Okay, so here’s the story. Back in my pub night filled misspent youth I used to like ordering this drink which was a mix of hard cider and stout (usually Guinness). It’s known as a Black Velvet, or sometimes it’s called a Snakebite.
Last night I was making stew for dinner. I often add beer to our stew. This time, thinking back to the taste of that Black Velvet drink, I thought… Hey why not add stout AND cider? Luckily I still had a few Green Mountain Hot Apple Cider Mix K-cups on hand, so I was able to use my Keurig to brew up a hot cider lickety-split.
As the stew simmered away I taste tested the broth and thought it was the perfect mix of beef and stout with a bit of sweetness from the cider. The meat turned out very tender, not the least bit chewy. And the broth was just the Snakebite-flavour I was craving. The big test though was to see how my “Black Velvet Stew” went over with hubby and the kids. I was happy to find it got passing grades all around.
RECIPE FOR BLACK VELVET STEW
2 tbsp olive oil
1 pound stewing beef, cubed
1 small onion, diced.
2 cloves garlic
1 can or bottle of dark or stout beer
1/2 tsp thyme
1 tsp Rosemary
1 small bag of prepeeled baby carrots
2 Green Mountain Hot Apple Cider k-cups
Beef broth, about 2 cups worth
4 tbsp cornstarch
About 3 large potatoes, peeled and cut into bite sized chunks.
- In a medium or large skillet heat up the olive oil over medium-high heat.
- Added the cubed beef and brown it on all sides (a few minutes per side).
- Leaving the oil in the skillet, move the beef into a large pot (one that has a lid).
- Turn skillet down to medium, or medium-low.
- Add diced onions to skillet, cook for about five minutes, stirring frequently.
- Add garlic and cook until soft, about 1 minute.
- Add one beer, mins a few swigs, to the skillet.

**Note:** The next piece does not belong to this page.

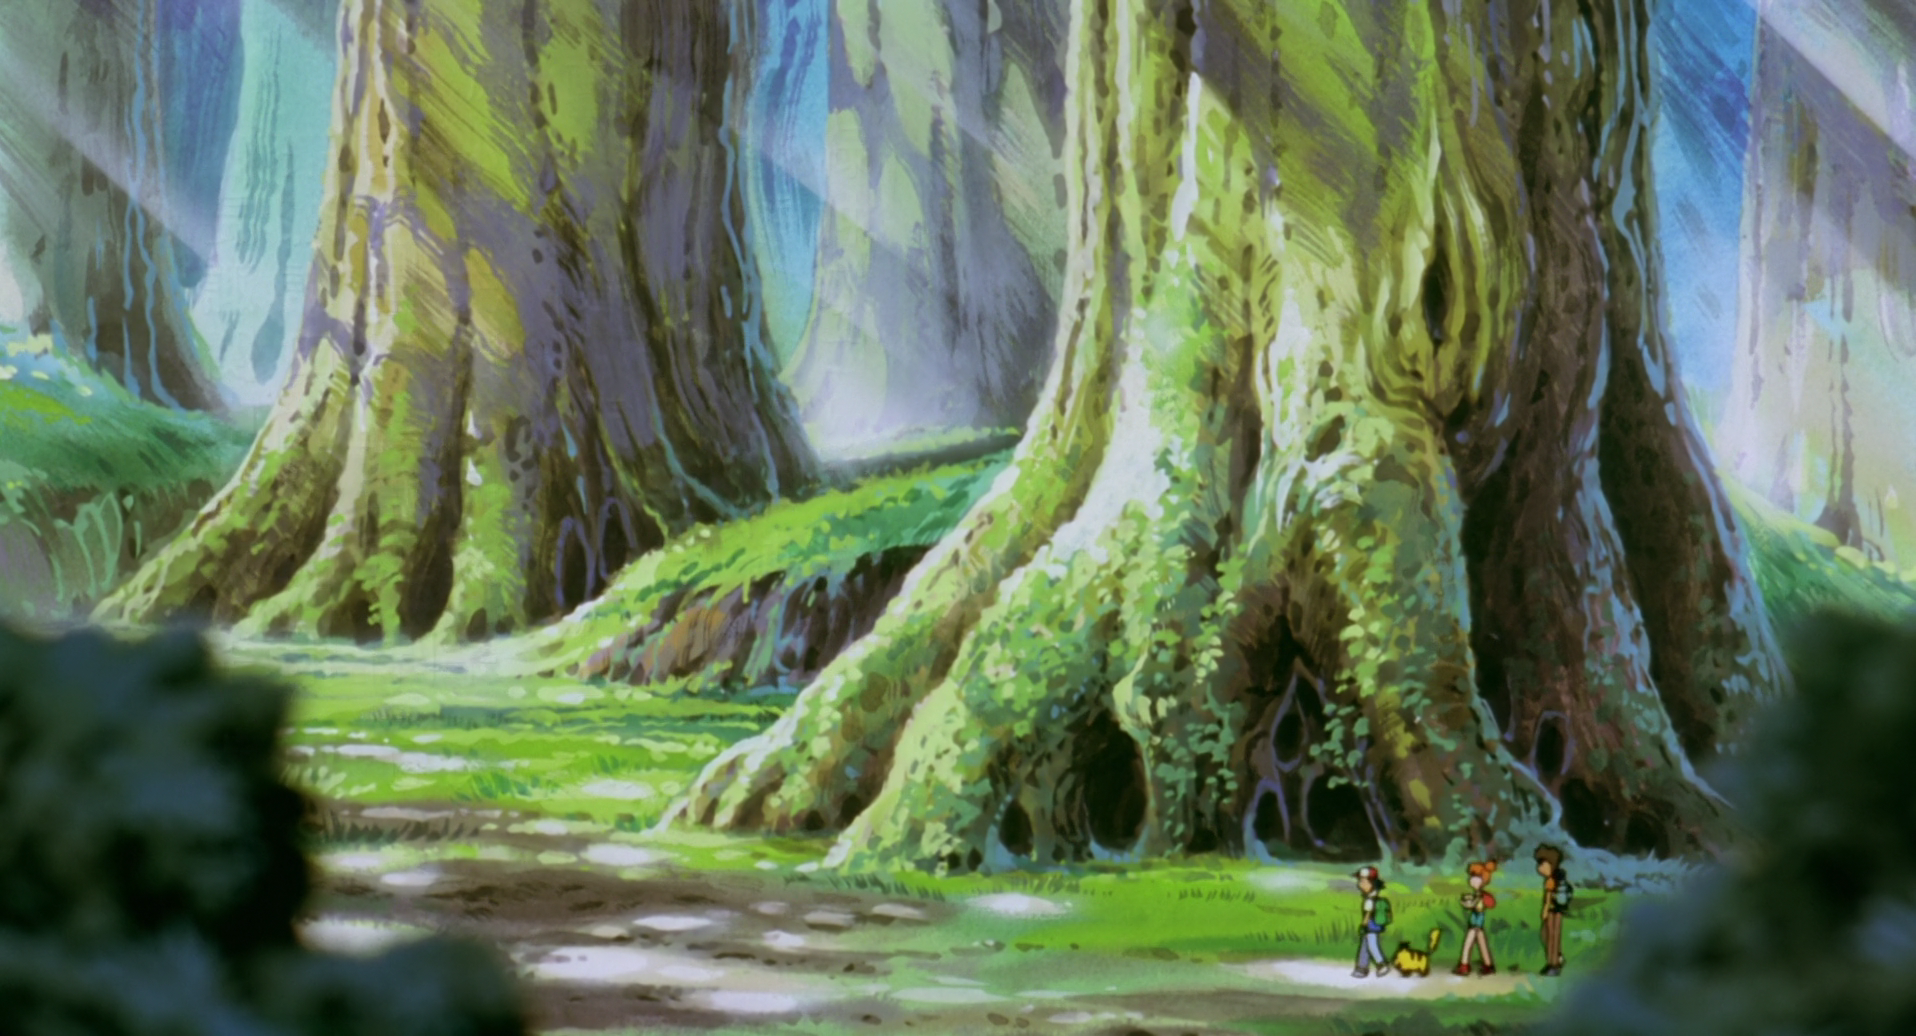 Anime Pokémon: The First Movie HD Wallpaper | Background Image

(I used Railway City Black Coal Stout because that’s what we happened to have kicking around the fridge. Any good dark beer or stout should do the job. I mean, pick something you like the taste of, obviously.)
- Stir well. Be sure to scrape up any browned bits along the bottom of the pan.
- Pour the beer, onions and garlic into the stew pot.
- Add thyme and rosemary.
- Give everything a good stir.
- Add carrots to the pot.
- Brew two 8 ounce ciders using the Green Mountain Hot Apple Cider k-cups and add those to the pot.
- Add enough beef broth that everything is covered in liquid (for me this was a bit less than two cups).
- Put the pot on the stove and bring it to a simmer.
- Give it a good stir. Reduce heat to low. Put a lid on it and cook for one hour.
- Dissolve 4 tbsp cornstarch in 4 tbsp cold water. Add this to the stew and stir, stir, stir. stir.
- Add potatoes to the pot. Put the lid back on and leave it cooking on low for another half hour.
- Take the lid off and let it cook for about thirty minutes more.
And, voila. Stew is served.
I suggest serving it with pints of stout for the grown-ups, and warm glasses of hot apple cider for the kids.
Disclosure: Keurig sent me some Green Mountain Hot Apple Cider Mix to sample, and I ended up using it in this recipe. As always my words and opinions are my own.